End of the S Corporation Medicare Tax Loophole

For decades, doctors have enjoyed the ability to practice through an S corporation, set their W-2 compensation at a lowish figure, and draw out the remaining profit free from the 3.8% tax on Medicare wages.  The AFP may end this by subjecting profits earned from one’s own corporation to the 3.8% Obamacare tax on new investment income.

Expected Individual Tax Rate Increases

For individuals (and joint filers!) earning more than $400,000, the proposal would raise the top marginal rate from 37% to 39.6%.  This is a substantial increase and is kicking in at a very low level of taxable income.

The Section 199A pass-through deduction, which permits owners of pass-through businesses to deduct up to 20% of their qualified business income (leading to a current marginal rate of 29.6% on that income) may be repealed or become unavailable for those with AGI over $400,000.

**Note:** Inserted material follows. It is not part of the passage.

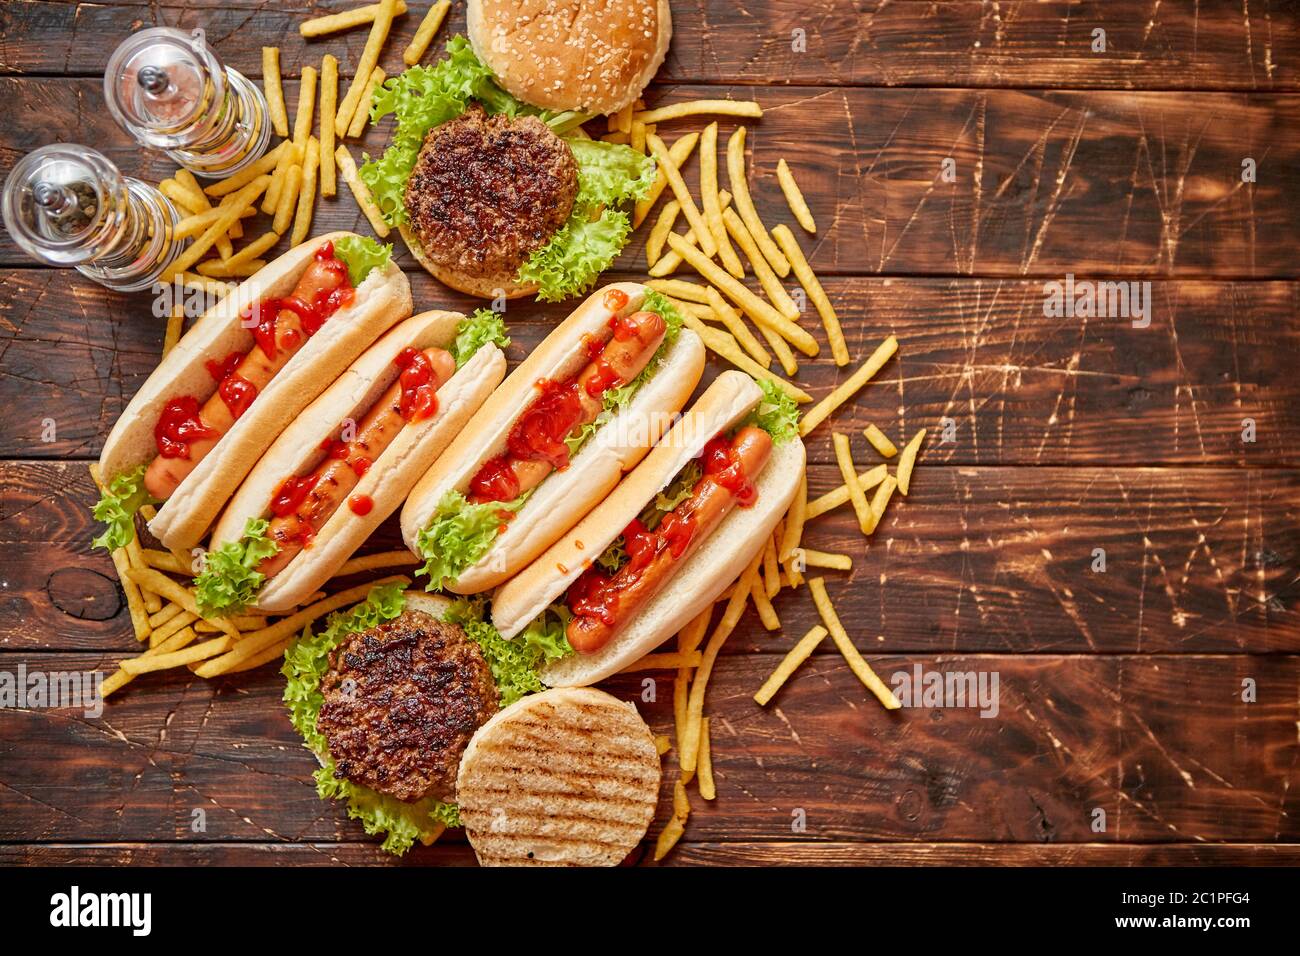 Fastfood assortment. Hamburgers and hot dogs placed on rusty wood table Stock Photo

The $10,000 cap on state and local taxes (SALT) may be repealed and replaced with limits on itemized deductions such as phase-outs as AGI rises or a 28% cap on the value of those deductions for those earning over $400,000.  An outright repeal of SALT would be too costly for the federal government.  Congress will try to score SALT repeal as a revenue-neutral “adjustment” to the original cap provisions which could mean that taxpayers in high tax states could find themselves entitled to refunds going back to 2018.

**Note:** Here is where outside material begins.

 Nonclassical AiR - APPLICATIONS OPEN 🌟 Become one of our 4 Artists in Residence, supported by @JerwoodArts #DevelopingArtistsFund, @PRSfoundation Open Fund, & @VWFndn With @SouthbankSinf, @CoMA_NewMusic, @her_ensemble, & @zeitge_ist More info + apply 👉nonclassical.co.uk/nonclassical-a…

Estate and Gift Tax Changes

It’s worth noting that the Biden proposal (for now at least) leaves the current $11.7 million per person ($23.4 million per couple) exemptions and the 40% estate tax rate alone.  Biden campaigned on lowering the exemptions to $5.3 million and raising the tax rate to 45%.  Of course, this could change in the final law.

His proposal eliminates the step-up in basis rule on assets held until the time of death.  Rather than the heirs getting a stepped-up basis (and eliminating the capital gain), the assets will be deemed to be sold and a capital gain tax triggered.  If the capital gains rate is going up significantly, say to 43.4%, then the elimination of the step-up in basis rule becomes necessary (to Biden at least) to prevent taxpayers from simply avoiding the higher rate by holding onto their assets until death.  Technically, the Biden proposal would end the step-up rule for gains in excess of $1 million ($2.5 million per couple), and it would not apply for gifts made at death to charities.  And, presumably, if an estate tax is owed, there would be a deduction for capital gains taxes paid at death.

The portability of the exemptions between spouses is expected to continue, but some of the planning techniques that wealthy families use to transfer assets down the generational line before death, like valuation discounts when assets are transferred through family limited partnerships, are expected to be curtailed or eliminated.

Retirement Plan Changes

The Biden proposal changes retirement savings by including automatic enrollment in company 401(k) plans, increasing the Saver’s Credit, raising the age for required minimum distributions to 75, and opportunities for employees to potentially deduct their student loans (and employer matching) rather than contributing to 401(k) plans.

Changes to Like-Kind Exchanges

The Biden proposal will amend like-kind exchanges (when a taxpayer sells one piece of property and then buys replacement property of like-kind) to disallow the deferral of gains greater than $500,000, and this is expected to go into effect on the date of the legislation.

Final Notes

As the Congressional committees and the administration work through the details, clarifications, and changes will emerge.  Some of these initial proposals will be revised or abandoned, and additional proposals will emerge.  We will keep you updated in the Newsletter with the specifics, and more importantly, with ways for you to achieve significant tax savings before these provisions go into effect.

DISCLOSURE

Collier & Associates, Inc. provides this information as a service to clients and other friends for educational purposes only. It should not be construed or relied on as legal advice or to create a lawyer-client relationship. Readers should not act on this information without seeking advice from professional advisors.